Friday, August 01, 2008

Fine, but you're paying for the goldfishes.

Have you ever done a random Google search with weird phrases in quotation marks?

No?

Oh.

Well, I have.

And I just tried: "Fine, but you're paying for the goldfishes," and guess what! Nothing came up!

But now it will.

Oh, yes.

To make things interesting, let's try coming up with a story that ends with that sentence. On your mark, get set, be creative!

7 comments:

Kimberly Bluestocking said...

Brother #1: "I think we should build a miniature koi pond in our backyard."

Brother #2: "Fine, but you're paying for the goldfishes."

trentathon said...

The boy grimaced as he made his way up the hill. The desert sun made the beads of sweat on his face flow freely. As he reached the peak of his ascent, the girl stared at him casually.
"What?" he asked, perplexed at her lack of enthusiasm towards his efforts.
"I was just thinking."
"About..." he probed, sounding annoyed and tired at the same time.
"Well you're probably pretty thirsty right now."
"Well did you bring a drink or something for me?" He did after all agree to this trek on her behalf.
"No." Her tone didn't sound sympathetic in the slightest.
"Well I'm so thirsty I could probably drink a pond." He meant it too.
"You wouldn't want to drink a pond," she countered, "It's full of all sorts of nasty things."
"I don't care, I'd drink it anyway."
"Even the fish? My pond out back has goldfish in it."
"How big are they?" he hadn't ever seen the girl's goldfish.
"We just bought 'em at the pet store. They're tiny."
"I could eat the fish," he said defiantly.
"You would not."
"Would too."
"Prove it."
The boy was too proud to back down on his claim. "Let's go to your house right now and I'll show you."
"No!" she exclaimed, believing that the boy would actually go through with his proposal.

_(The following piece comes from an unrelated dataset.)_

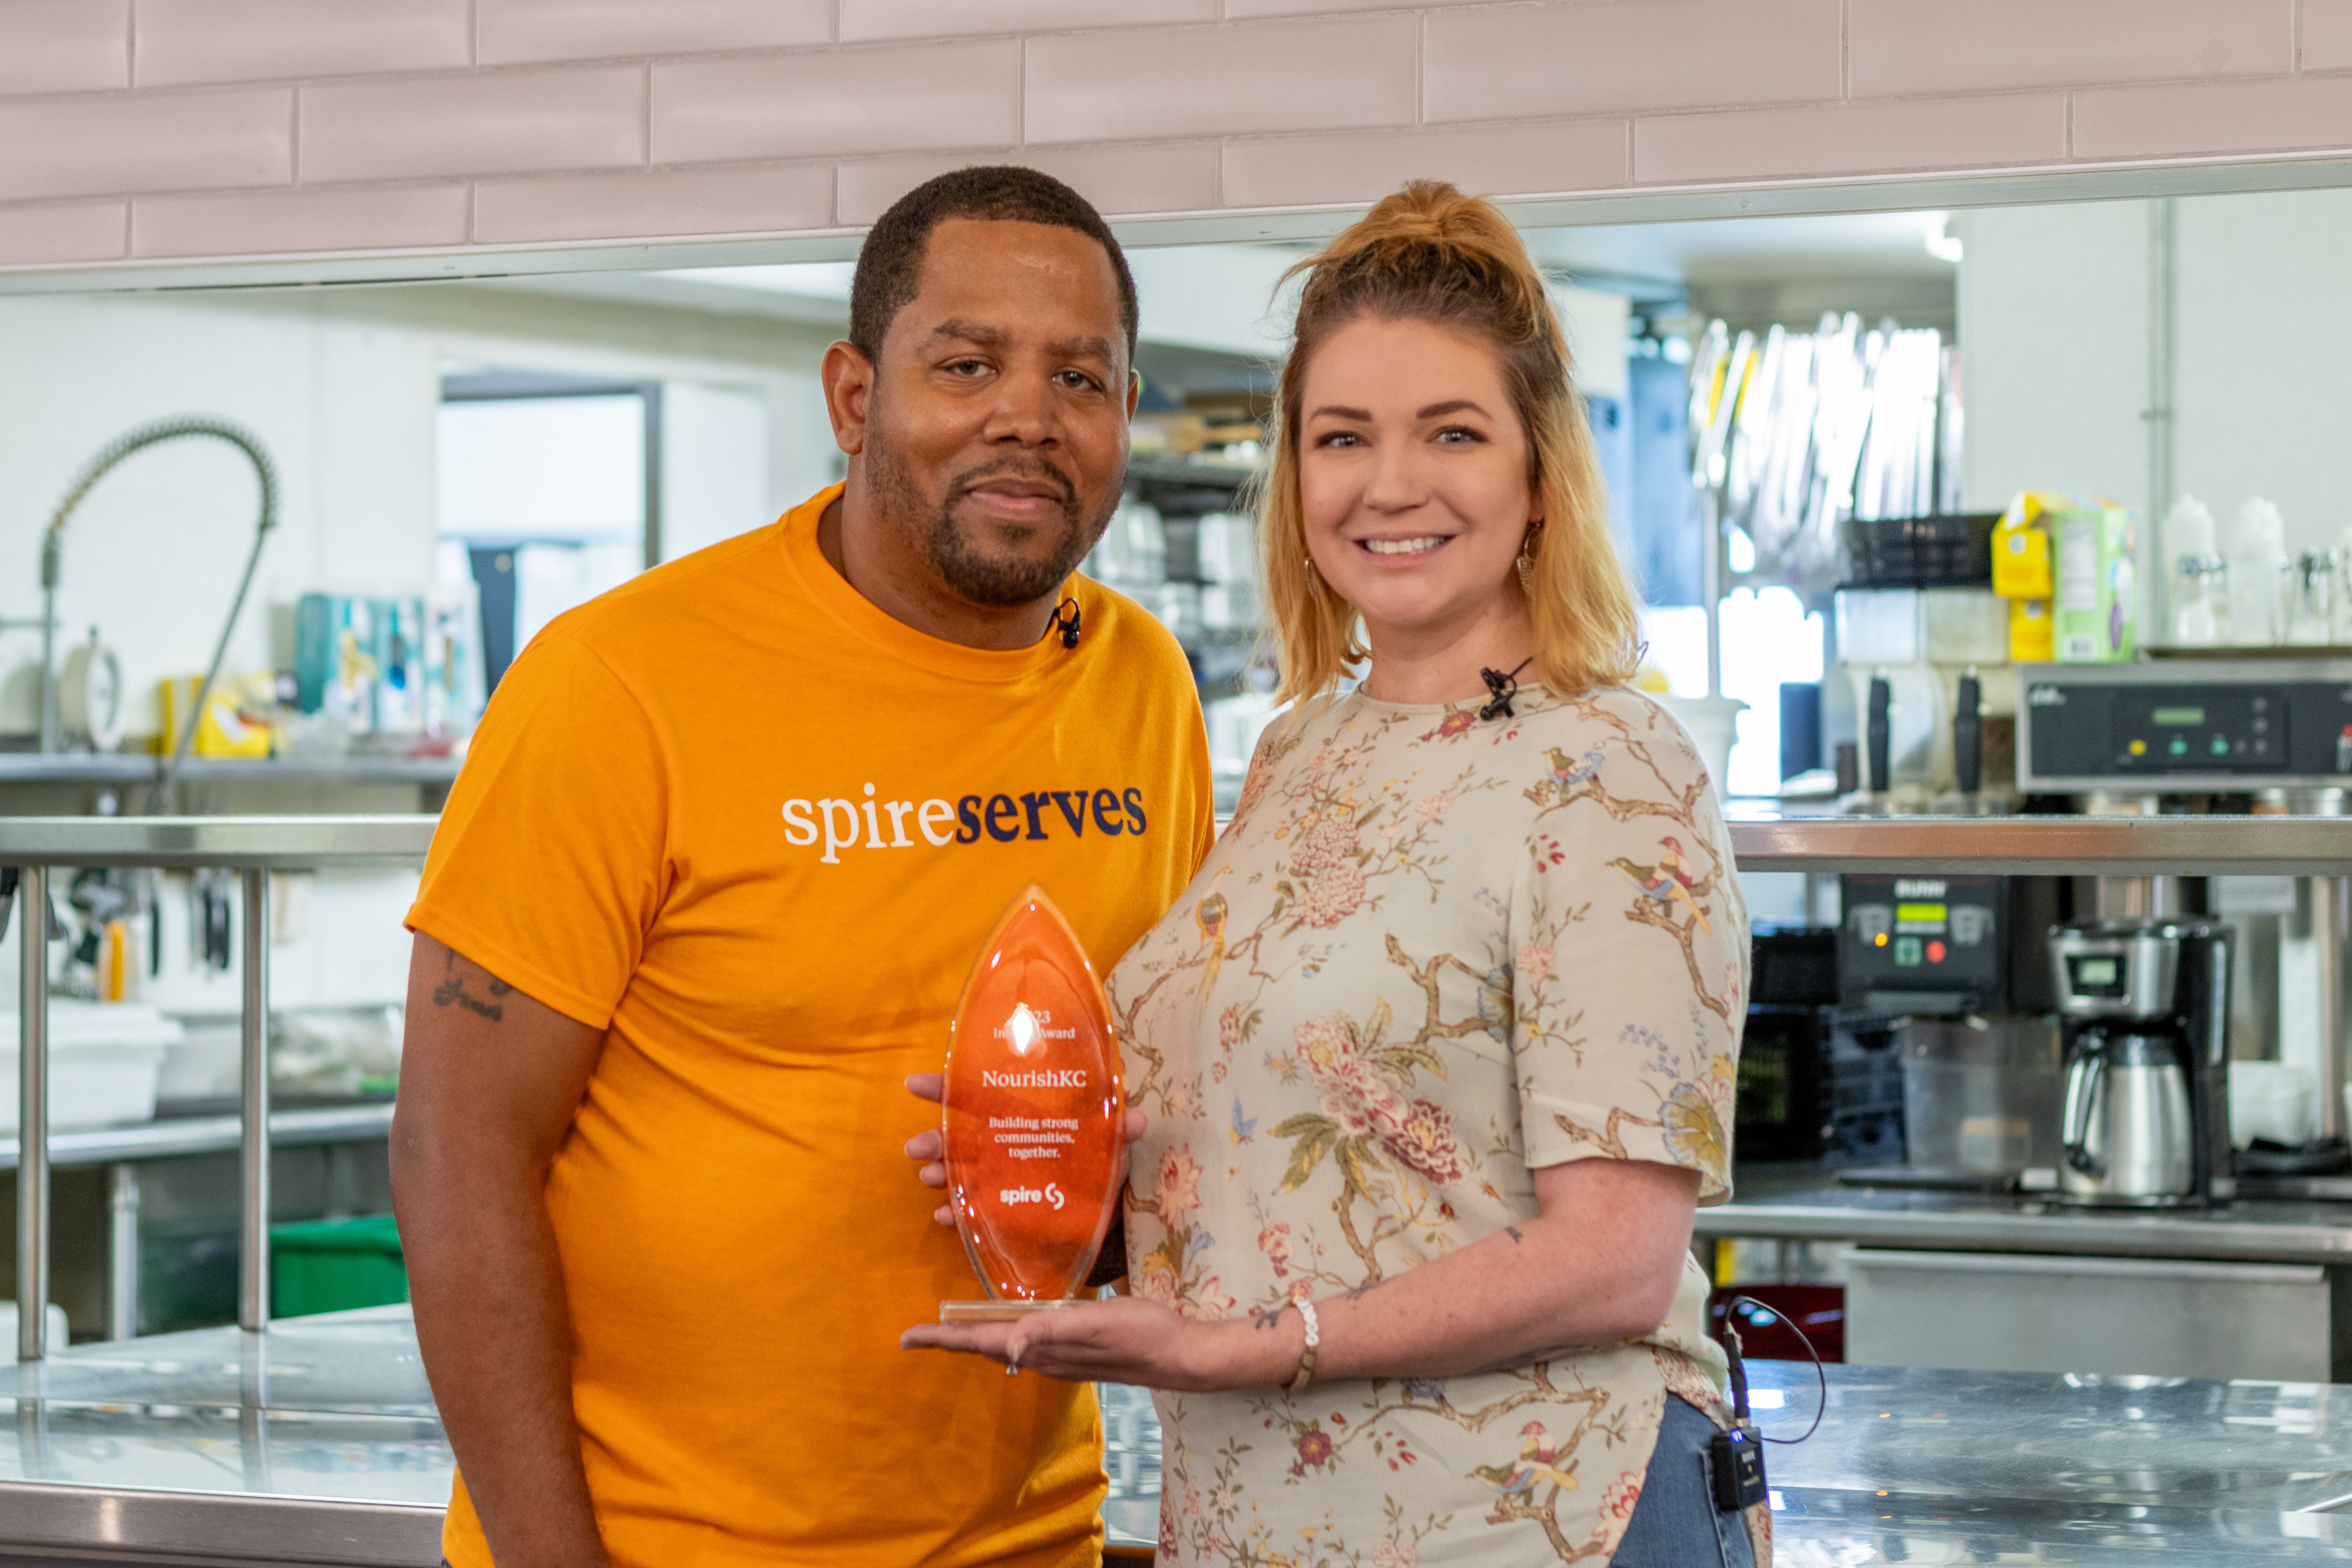 Spire employee with presenting award to woman

Besides she loved her fish and would hate to see any of them disappear. Her mind raced for ideas. Suddenly, she had it. "We wouldn't want to disturb those fish, they're too settled in. How about we go to the pet store and get some nice clean ones for you."
"Fine, but you're paying for the goldfishes."

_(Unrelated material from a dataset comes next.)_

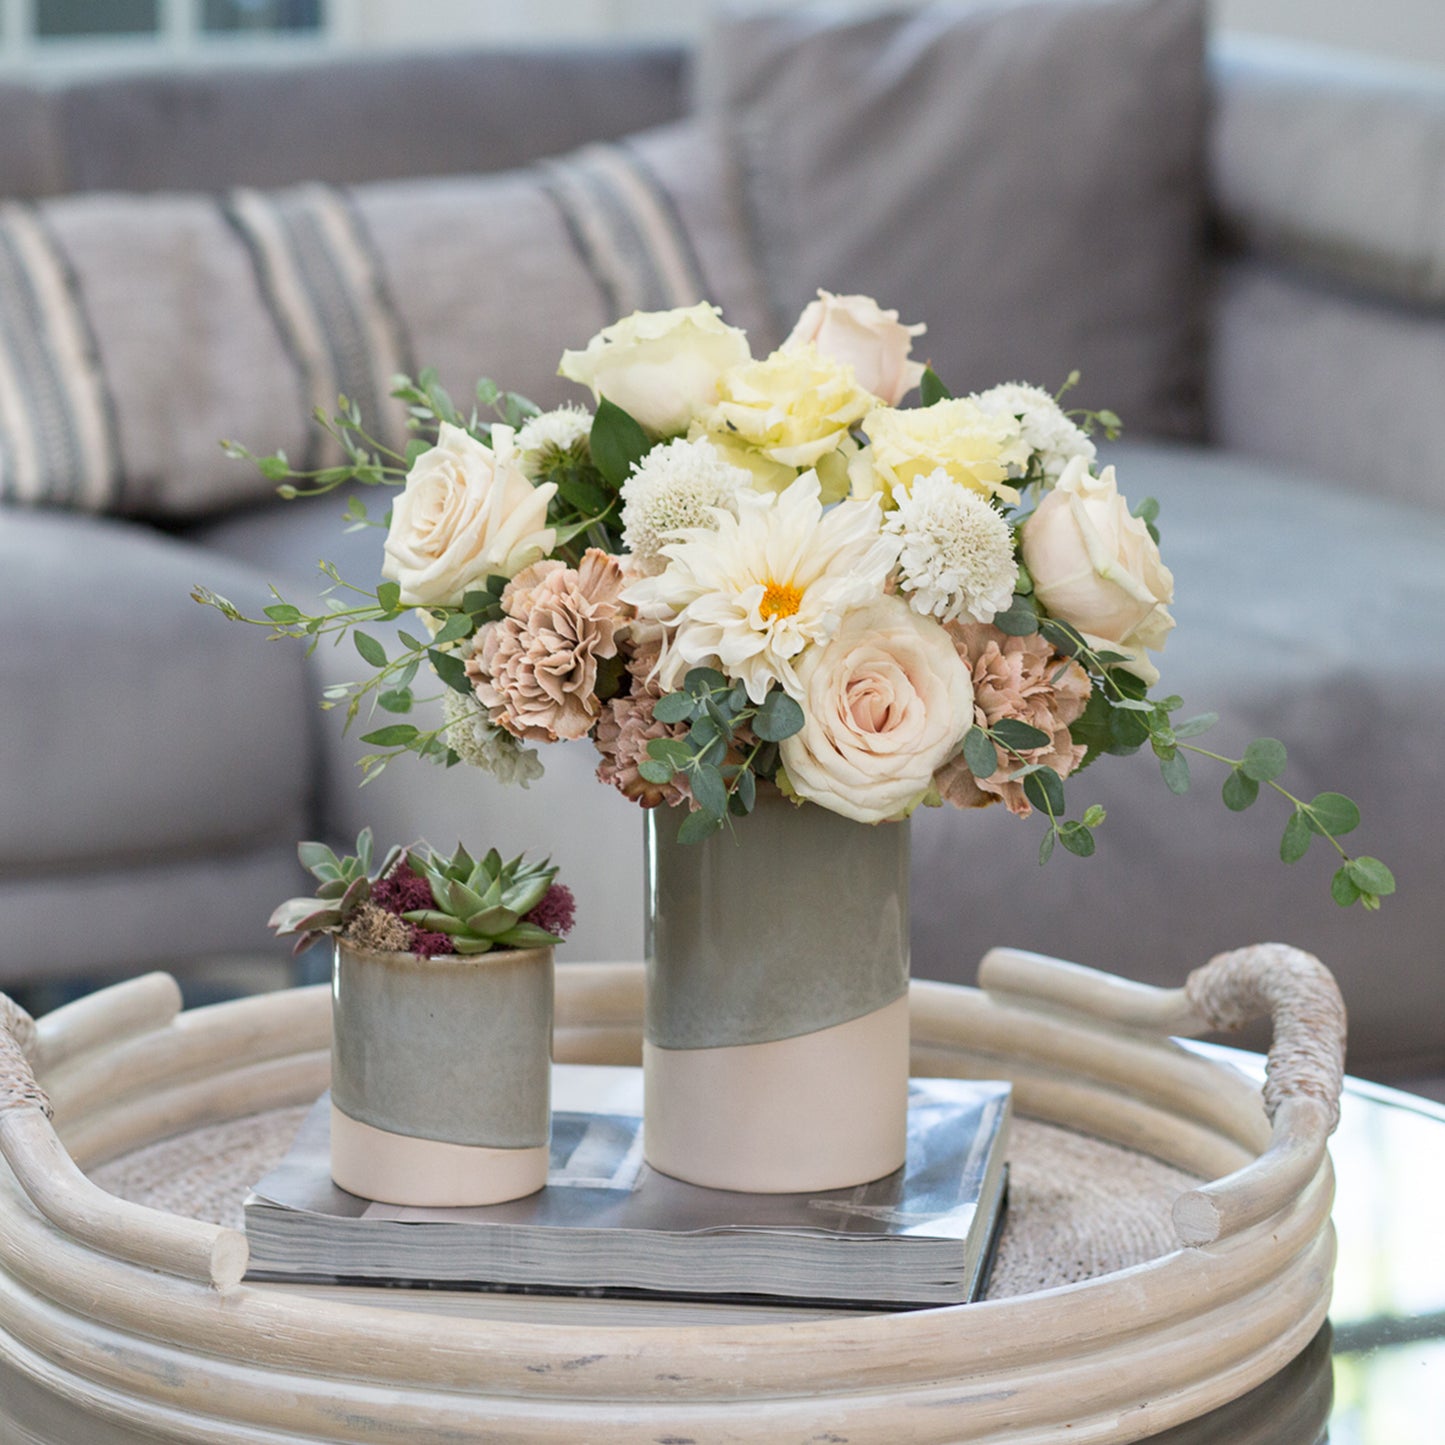 An elegant floral arrangement in a 6.5-inch ceramic essential vase accompanied by a smaller 4-inch version, both in a dual-tone design with pale green and blush pink. The larger vase holds a bouquet of creamy roses, pale yellow flowers, and soft greenery, while the smaller one contains a succulent with accents of deep purple. This display sits atop a round wicker tray on a glass table, with a cozy grey sofa adorned with pillows in the background.

Lizardbreath McGee said...

You guys are AWESOME.

Palomita said...

I wish I was clever enough to come up with a story. But I'm just a *leeetle* sleep-deprived right now, and my brain is about as helpful as a bowl of oatmeal. Maybe less. At least oatmeal keeps the plumbing running, if you know what I mean... so no story here.

Thanks for the laughs!

Mama M said...

Melissa wound her long luxurious locks of hair around her perfectly manicured fingers. A find flaxen strand caught on her antique two and a quarter marquise diamond ring, and she winced ever so delicately as the tug of her hand separated the hair from her tender scalp.

Patrick rushed to her side to offer his unmeasured solicitude and gentle sympathy. She turned her unusually bright turquoise eyes to him, lowered her thick sooty eyelashes and murmured, almost so quietly that he could not hear her throaty whisper, fulfilling his hopes of eternal bliss for all eternity.

Could he really have heard her say those seven magical words that he had waited for trough eons of agony and desire?

"Oh, once more, my treasure. Speak to me of all that I have longed for!" he cajoled.

"Fine, but you're paying for the goldfishes."

kia said...

His roommate had put him in charge of cleaning the fish tank, but now he wasn't sure what to do.

The tank was cleaner than it had ever been. The glass sparkled and light reflected off the emerald plants, illuminating the multi-colored rocks at the bottom.

But all he could focus on were the lifeless little bodies bobbing near the surface. How was he supposed to know that he shouldn't use dishsoap on the tank?

Time was running out.

His sister stood beside him, clearly irritated at being called out of a rehearsal to help him with yet another one of his all-too-frequent predicaments.

"I can't believe you were so brainless!" she yelled, her eyes flashing with anger.

"Sorry, I really just didn't know that goldfish were so sensitive" he sheepishly replied.

"I guess you'll just have to tell Steve when he gets home that he needs to get some new fish" she said icily as she started walking toward the door.

"But then he'll be sure to kick me out...especially after the toaster and tennis racket incident last week." He sounded even more desperate than usual. "Please, just take me to the store and I promise I'll never ask you to get me out of trouble ever again."

"Yeah right" she snorted. But as she glanced once more at the pathetic water-logged figure standing helpless before her, she saw the little boy who she fought so hard to protect from bullies on the playgrounds of their childhood, and she sighed, her hard shell softened yet again.

"Fine, but you're paying for the goldfishes."

Anonymous said...

A wife and husband we're arguing about getting a pond. the husband wanted one but the wife, did not. He begged and begged and finally she said "Fine, but you're paying for the goldfishes!"